WaveGen / README.md

Rename README-en.md to README.md

d29801b verified about 1 month ago

7.98 kB

	# WaveGen: Wave Generative Method

	[[Paper]]() \| [[Project Page]](https://world-snapshot.github.io/) \| [[Huggingface]](https://huggingface.co/World-Snapshot) \| [[Document]](https://world-snapshot.github.io/doc/index.html) \| [[Org Materials]](https://github.com/World-Snapshot) \| [[WSMs]](https://github.com/World-Snapshot/WSMs) \| [[ControlWave]](https://github.com/World-Snapshot/ControlWave)

	This generation method is mainly used to create the core space of WSM. The input is text/wsg, output is some mathematical functions (differentiable, movable and deformable waves, rather than probability clouds), which is used to construct the core space for simulating the operation of the world.
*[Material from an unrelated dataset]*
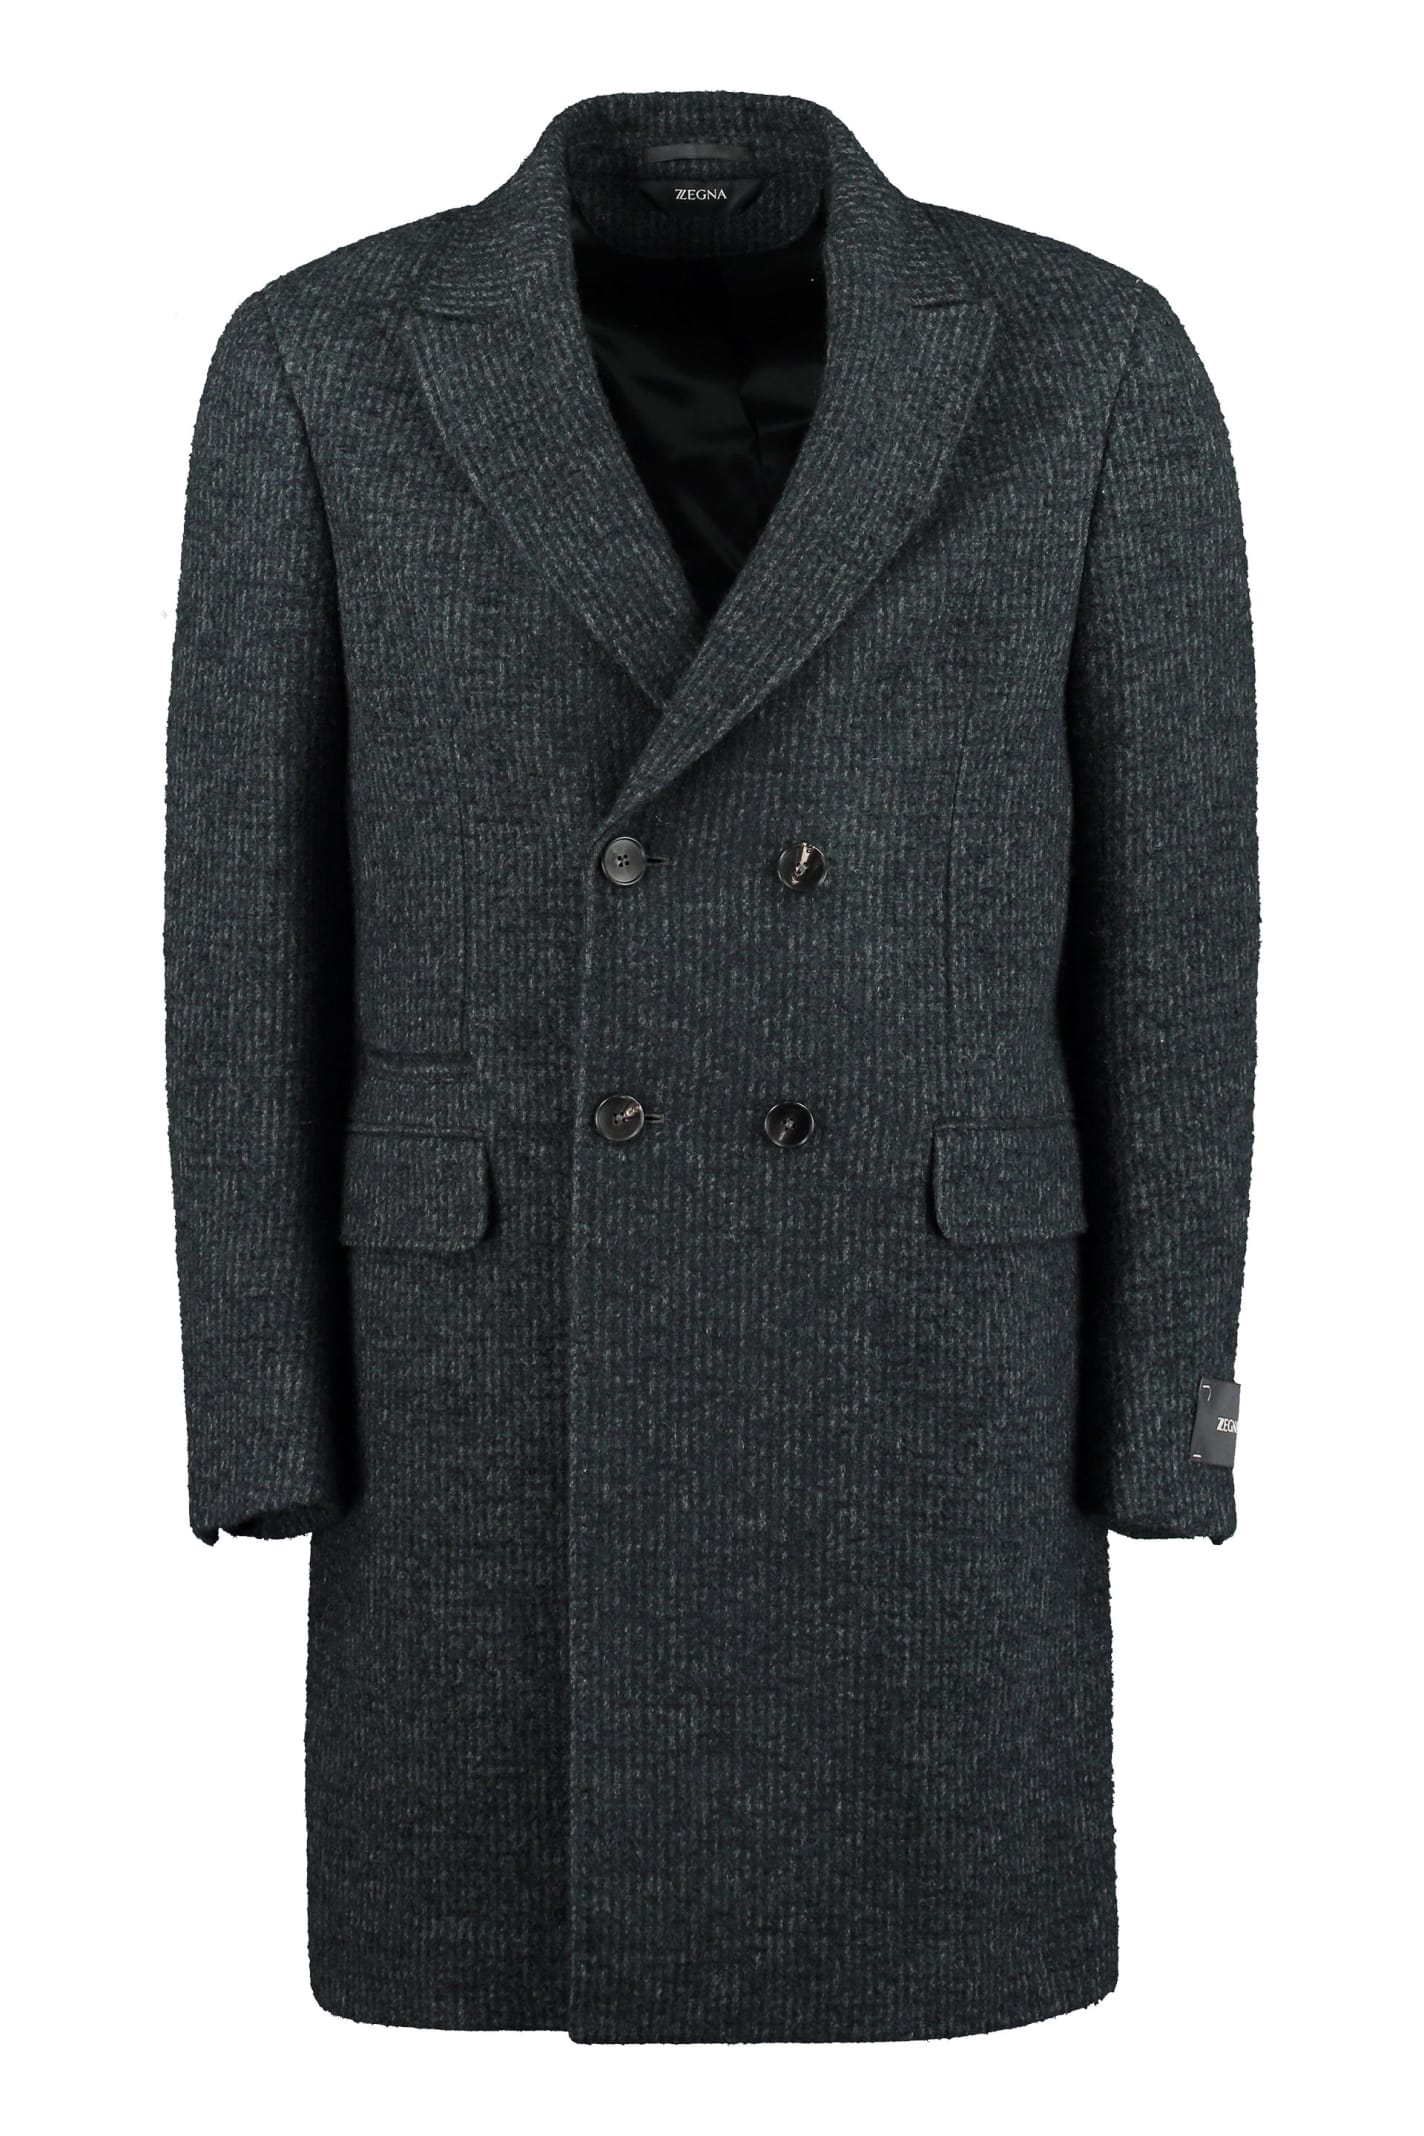 Z Zegna Wool Blend Double-breasted Coat
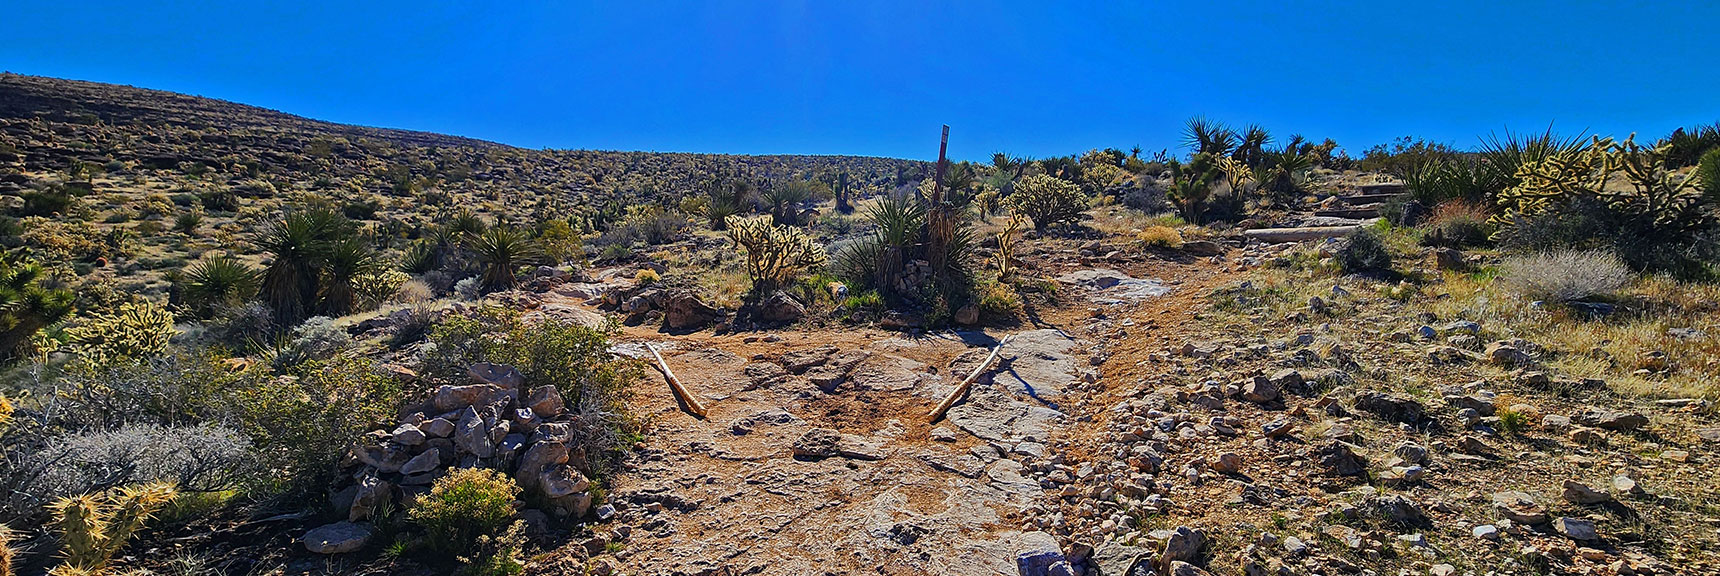 Take Fossil Canyon Trail (left split) About Half Way Up Ridge. Fossil Ridge Trail Continues (right). | Fossil Canyon | Cowboy Canyon | Blue Diamond Hill, Nevada

	First, you should read the project page to understand that WaveGen is currently relatively weak and operates at the level of multiple objects with simple dynamic shapes. If you are pursuing [a large number of tasks](https://github.com/World-Snapshot/The-results-of-Augustus), please check [WSMs](https://github.com/World-Snapshot/WSMs) (Wave2Pixel decoder), which is the main source of our current work strength. If you want to continue developing WaveGen, please:

	## Abstract

	Wave Generative Method is a conceptual new generation mechanism<sup>1</sup>. It aims to use mathematical functions to losslessly record dynamic 3D shapes, fundamentally reducing the generated string/values while maintaining the same expression ability. It is dedicated to achieving some new features that was not well accomplished by previous methods<sup>2</sup>: like consistency, native 3D+t, variable resolution, unlimited duration, predicting the future, variable FPS, physics, causality, predicting the past, pixel-level control of the world distribution, synchronizing the real world with model's core space, and training the world itself, etc.

	This architecture is essentially designed for training the core space of the [World Snapshot Model (WSM)](https://world-snapshot.github.io/doc/index.html?page=S5_blogs/00_world_model.md#definition), and it usually requires a [WSMs](https://github.com/World-Snapshot/WSMs) decoder (By default, it is a sub-module of WaveGen). For users, the [ControlWave UI](https://github.com/World-Snapshot/ControlWave) is recommended for control.

	Motivation: As stated in the [Unified Law for Visual Tasks](https://github.com/World-Snapshot/Unified-Law-for-Visual-Tasks), WSM can almost uniformly and controllably generate any type of visual output. However, we hope that the traditional generation method comes with a core space (functional implicit reconstruction). Therefore, we developed the [WaveGen](https://github.com/World-Snapshot/WaveGen) generation method to obtain advanced functions/features and address this shortcoming. It is not yet perfect. But for general cases, the traditional generation methods are sufficient.

	<sub>1. It is mainly based on RF and parametric expression of mathematical primitives.</sub>

	<sub>2. These features (except for predicting the future, consistency, unlimited duration, native 3D+t) are almost unique to the Wave Model.</sub>

	## Inference

	For users:

	The [ControlWave UI](https://github.com/World-Snapshot/ControlWave) is recommended for control.

	For developers:

	First, prepare the code.

	```python
	# You need to install the submodules.
	git clone --recursive git@github.com:World-Snapshot/WaveGen.git

	# If you have cloned WaveGen but do not have WSMs, or if WSMs needs to be updated.
	cd WaveGen
	git submodule update --remote --merge
	```

	cd WaveGen, you can see that each folder represents a WaveGen model, facilitating development and switching, and making it convenient for the ControlWave UI to use. If you plan to use a particular model of WaveGen, you need to install the corresponding environment.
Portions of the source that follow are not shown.